The identification of CtaHVd-LR1, by looking for conserved motifs of HHRzs, showed that homology-independent methods based on the identification of structural elements may be an effective method to find new viroid-like RNAs. With respect to the previously reported homology-independent methods, the one used in this study does not rely on the effective de novo assembly of the full genome plus terminal repeats of the viroid or viroid-like RNA for its identification. Indeed, when a HHRz is identified in a read that is not assembled in a contig with terminal repeats, adjacent primers of opposite polarities can be designed in the read of interest to check, by RT-PCR, whether the HHRz is part of a potential circular RNA that can be further characterized by sequencing full-length cDNAs and by northern blot hybridization assays.
By showing that CtaHVd-LR1 is a circular RNA endowed of an active HHRz in either polarity strand, we provided solid evidence that it is indeed a novel viroid-like RNA, confirming the reliability of the searching method. The detection of circular RNA forms of both polarity strands strongly support that this RNA replicates through the symmetric pathway of a rolling circle mechanism previously reported for several viroids and viroid-like RNAs [1,2]. The biological nature of CtaHVd-LR1 remains unknown. In this respect, CtaHVd-LR1 resembles cscRNAs and FHVd-LRs reported previously from cherry and fig trees, respectively [17,25]. As in the case of CtaHVd-LR1, these RNAs were also not graft-transmissible and were associated with mycoviruses [24,25]. In the case of cscRNAs, the mycoviruses were characterized as new species in the genera Chrysovirus, Partitivirus and Totivirus [19,20,21,22,23]. Interestingly, CtaHVd-LR1 was also identified in the isolate 14A together with contigs with the highest sequence identity to viruses of the genera Chrysovirus, Partitivirus and Totivirus. The fact that CtaHVd-LR1 was not found in the same isolate in the following years strongly supports the conclusion that it was only transiently, and possibly indirectly, associated with citrus plants.
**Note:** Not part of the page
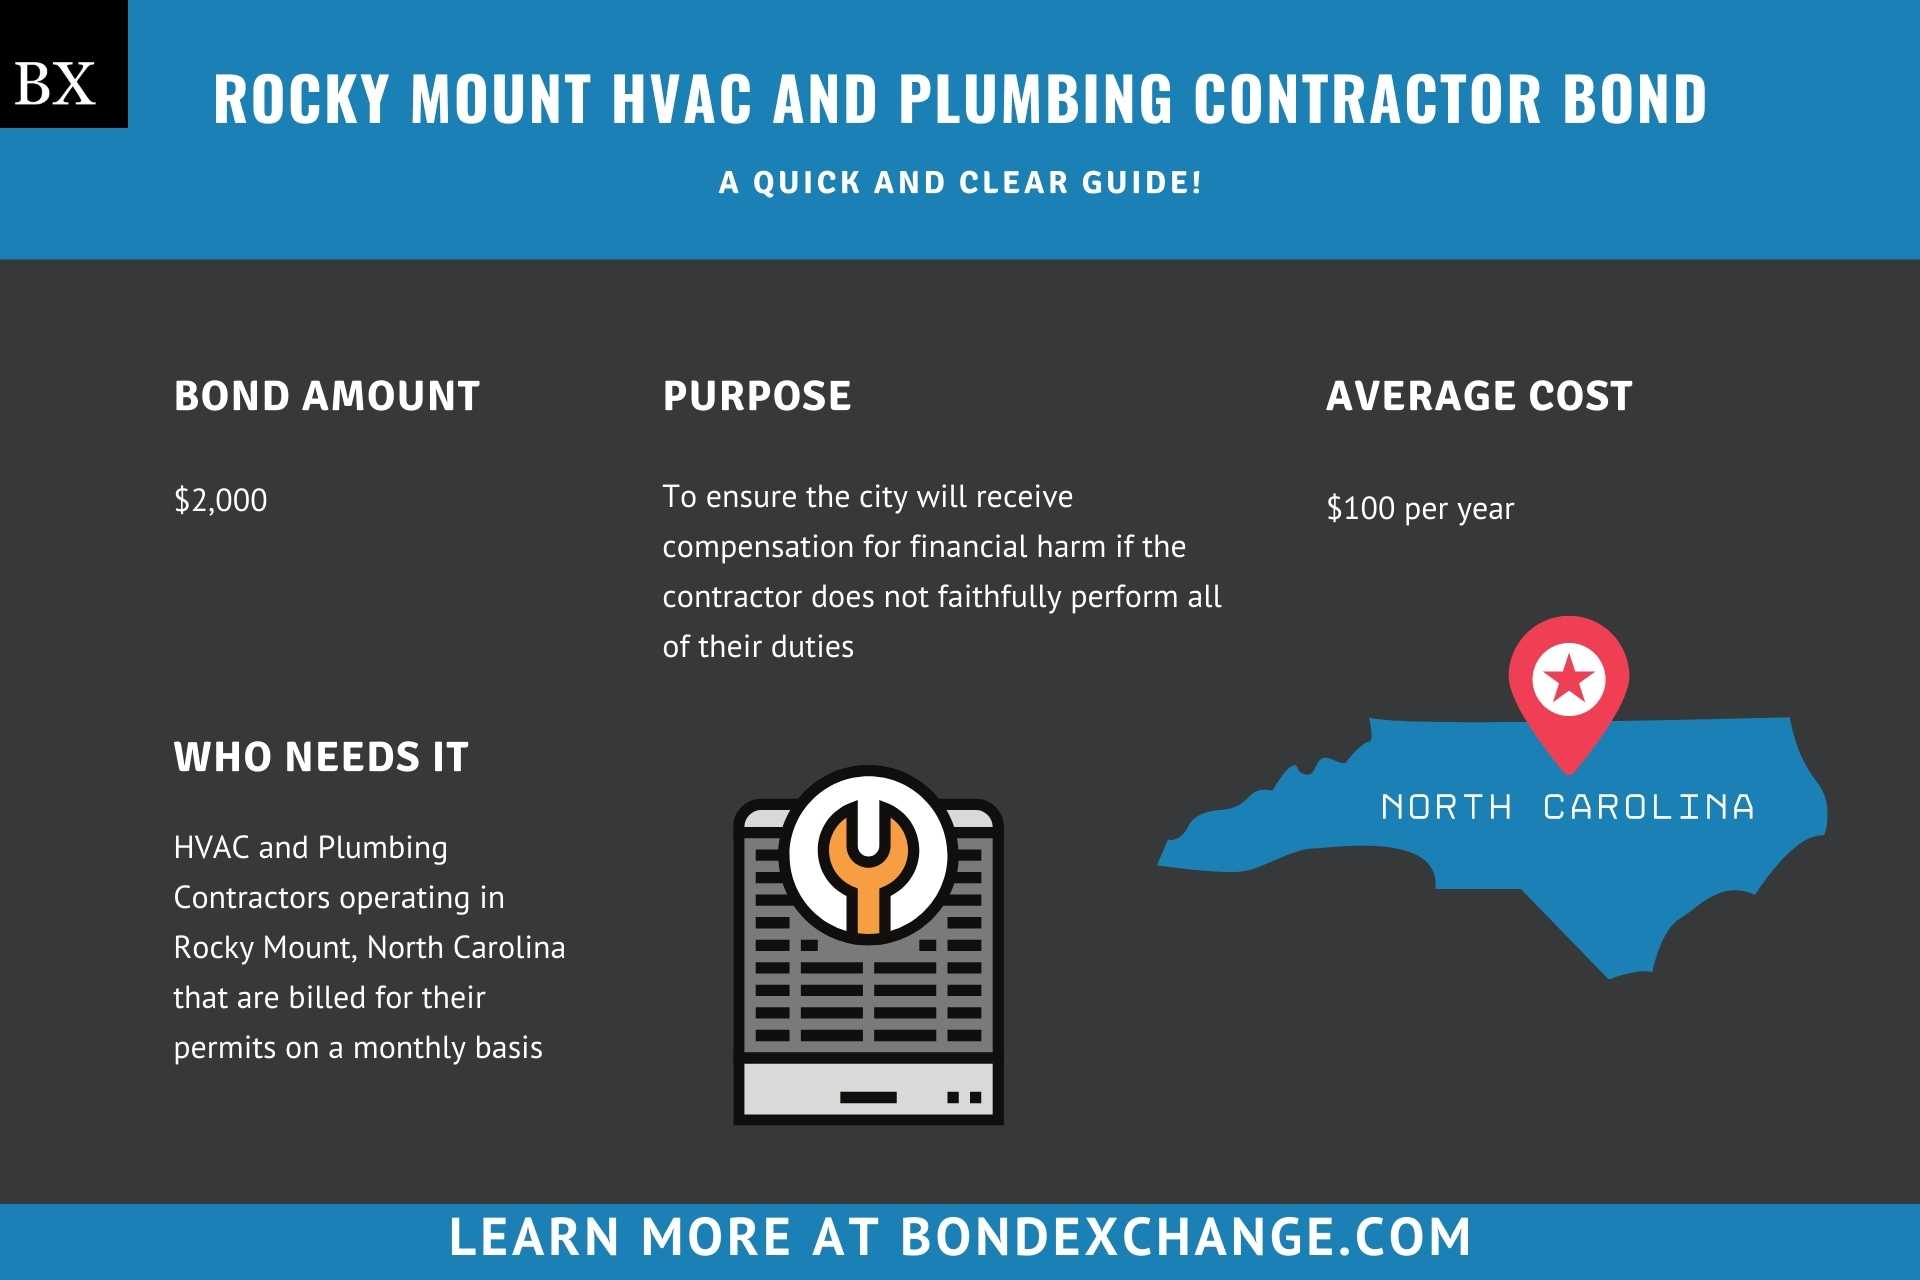 Rocky Mount HVAC and Plumbing Contractor Bond

In this respect, the possibility that it could be an infectious agent of an organism other than citrus is quite likely. In conclusion, our study highlights the high sensitivity of HTS approaches associated with homology-independent bioinformatics tools to identify novel viroid-like RNAs. At the same time, we showed that the finding of a novel viroid-like RNA in a plant RNAseq library must not be considered as evidence of a direct association of the former with the latter. As also previously reported for plant viruses [51,52], the possibility that the viroid-like RNAs are only transiently associated with the plant, because actually infecting another organism must be considered, thus, highlights the need for implementing bioinformatics with biological data to clarify the nature of novel viroid-like RNAs.

Supplementary Materials

The following supporting information can be downloaded at: https://www.mdpi.com/article/10.3390/v14102265/s1, Table S1: Primers used in this study; Figure S1: Pattern syntax used to search for hammerhead ribozyme structure in citrus RNA seq library; Figure S2: Contig containing the sequences conserved in most natural hammerhead ribozymes in each polarity strand and a terminal direct repeat; Figure S3: CtaHVd-LR1 (+) or (−) transcript RNAs detected by northern-blot hybridization; Figure S4: Multiple-sequence alignment of full-length cDNAs of citrus transiently associated hammerhead viroid-like RNA 1 variants; Figure S5: PCR and RT-PCR assays using DNA preparations from isolate 14A.

Author Contributions

Conceptualization, B.N., A.G. and F.D.S.; data curation, B.N., A.G. and M.C.; formal analysis, B.N. and F.D.S.; funding acquisition, F.D.S.; investigation, B.N., S.L., M.C., A.G., M.M., D.A. and F.D.S.; methodology, B.N., A.G. and F.D.S.; project administration, F.D.S.; Resources, M.M. and D.A.; software, A.G. and M.C.; supervision, B.N., D.A. and F.D.S.; validation, B.N.; visualization, B.N. and S.L.; writing—original draft, B.N. and F.D.S.; writing—review and editing, B.N., S.L., A.G., M.C., M.M., D.A. and F.D.S. All authors have read and agreed to the published version of the manuscript.

Funding

This research was partially funded by the European Union’s Horizon 2020 research and innovation program under the Marie Skłodowska-Curie grant agreement No. 734736 (project ‘VirFree’). This paper reflects only the authors’ views, and the agencies are not responsible for any use that may be made of the information it contains.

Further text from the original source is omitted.